Write a Python function called *find_common_words* that takes two strings as input arguments and returns the sorted list of common words. The function should:
- separate words based on the presence of spaces (" ")
- remove punctuation characters, but keep apostrophes (use the `replace` method of strings)
- make no distinction between uppercase and lowercase letters.

For example,

    text1 = "And so he spoke, and so he spoke, that lord of Castamere, But now the rains weep o'er his hall, with no one there to hear."
    text2 = "No one sang the words, but Catelyn knew \"The Rains of Castamere\" when she heard it."
    find_common_words(text1,text2)
    
must return:

    ['but', 'castamere', 'no', 'of', 'one', 'rains', 'the']
    
Hints:
- Define a function to translate the text into words and apply it over both text1 and text2
- Be efficient in finding the common words

In [None]:
def set_of_words(s):
    for p in ".,!?:;-\"": # This requires explicitly indicating which characters should be removed
        s = s.replace(p, " ")
    return set(s.lower().split()) 
    # Notice that the 'set()' function removes possible duplicates in the list!
    # Also, calling 'split()' without parameters avoids generating the empty string ""

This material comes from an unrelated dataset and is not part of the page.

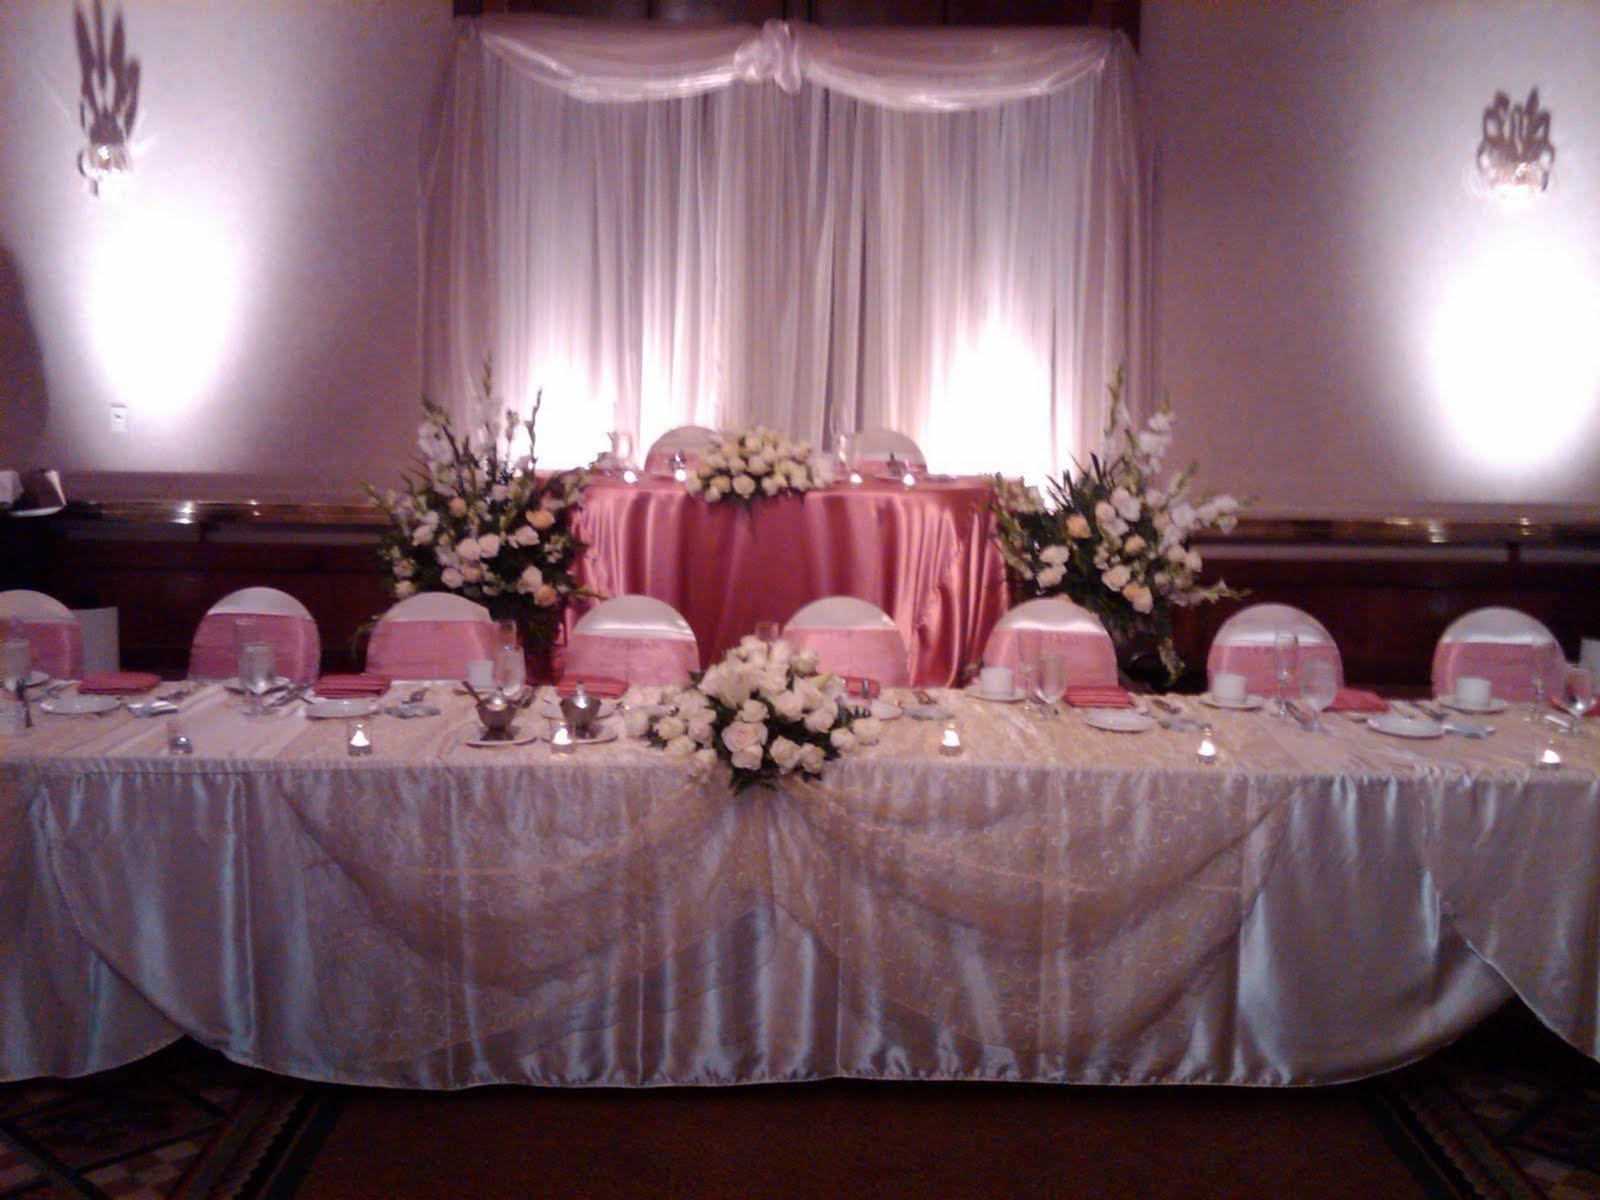 Quincenira Cake Table Decorating Ideas
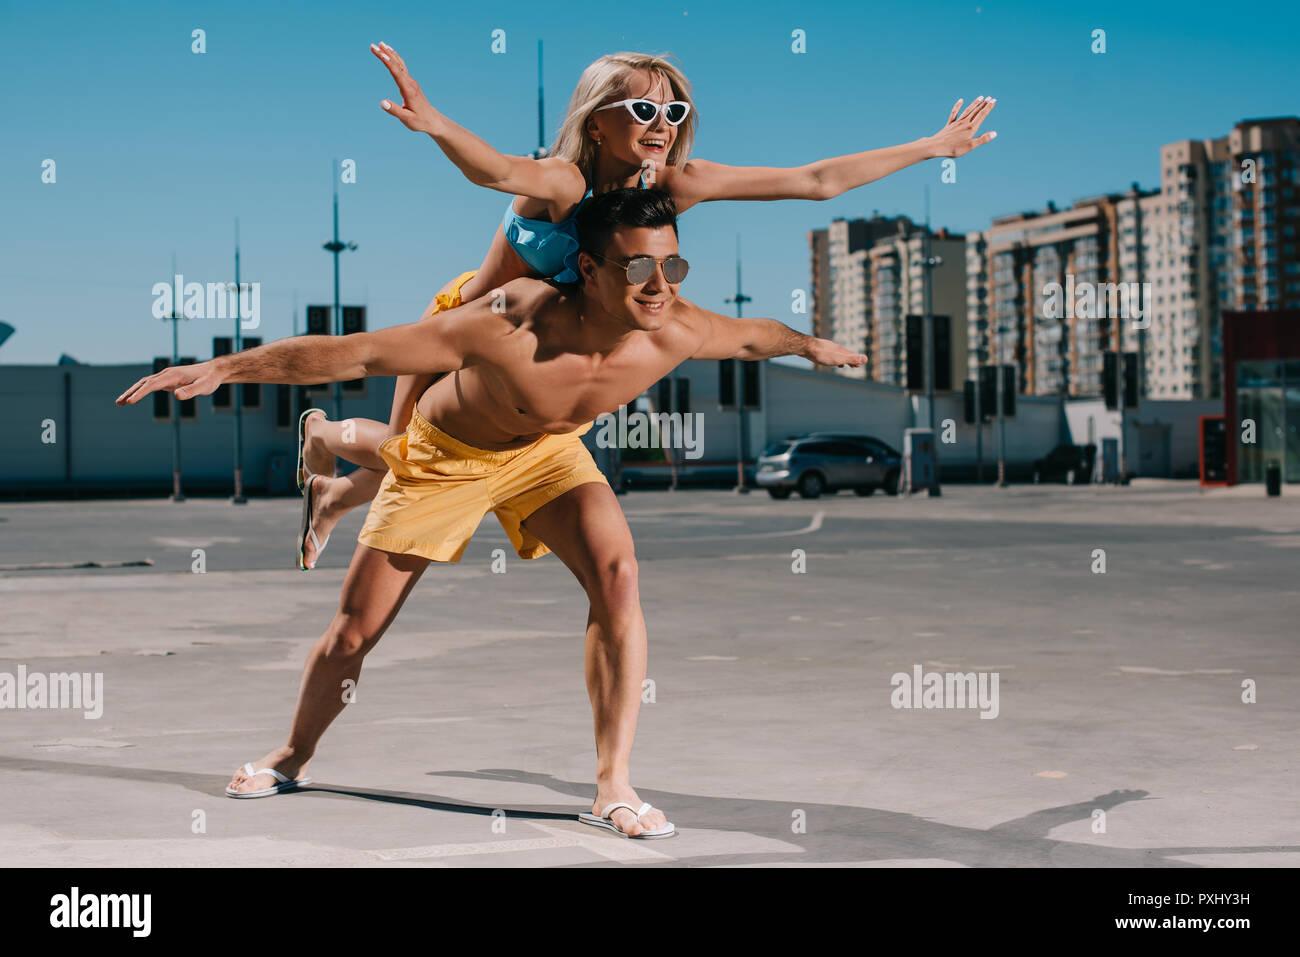 Junge attraktive Frau auf Freund huckepack und Flugzeug Geste auf Parkplatz Stockbild

def find_common_words(s1, s2):
    return sorted(set_of_words(s1) & set_of_words(s2))

In [None]:
def set_of_words(s):
    s = s.lower()
    for c in s:
        if not c.isalpha() and c!="'": # This clears any non-character (except apostrophes)
            s = s.replace(c," ")
    
    return set(s.split()) 

def find_common_words(s1, s2):
    return sorted(set_of_words(s1) & set_of_words(s2))

In [None]:
text1 = "And so he spoke, and so he spoke, that lord of Castamere, But now the rains weep o'er his hall, with no one there to hear."
text2 = "No one sang the words, but Catelyn knew \"The Rains of Castamere\" when she heard it."
find_common_words(text1,text2)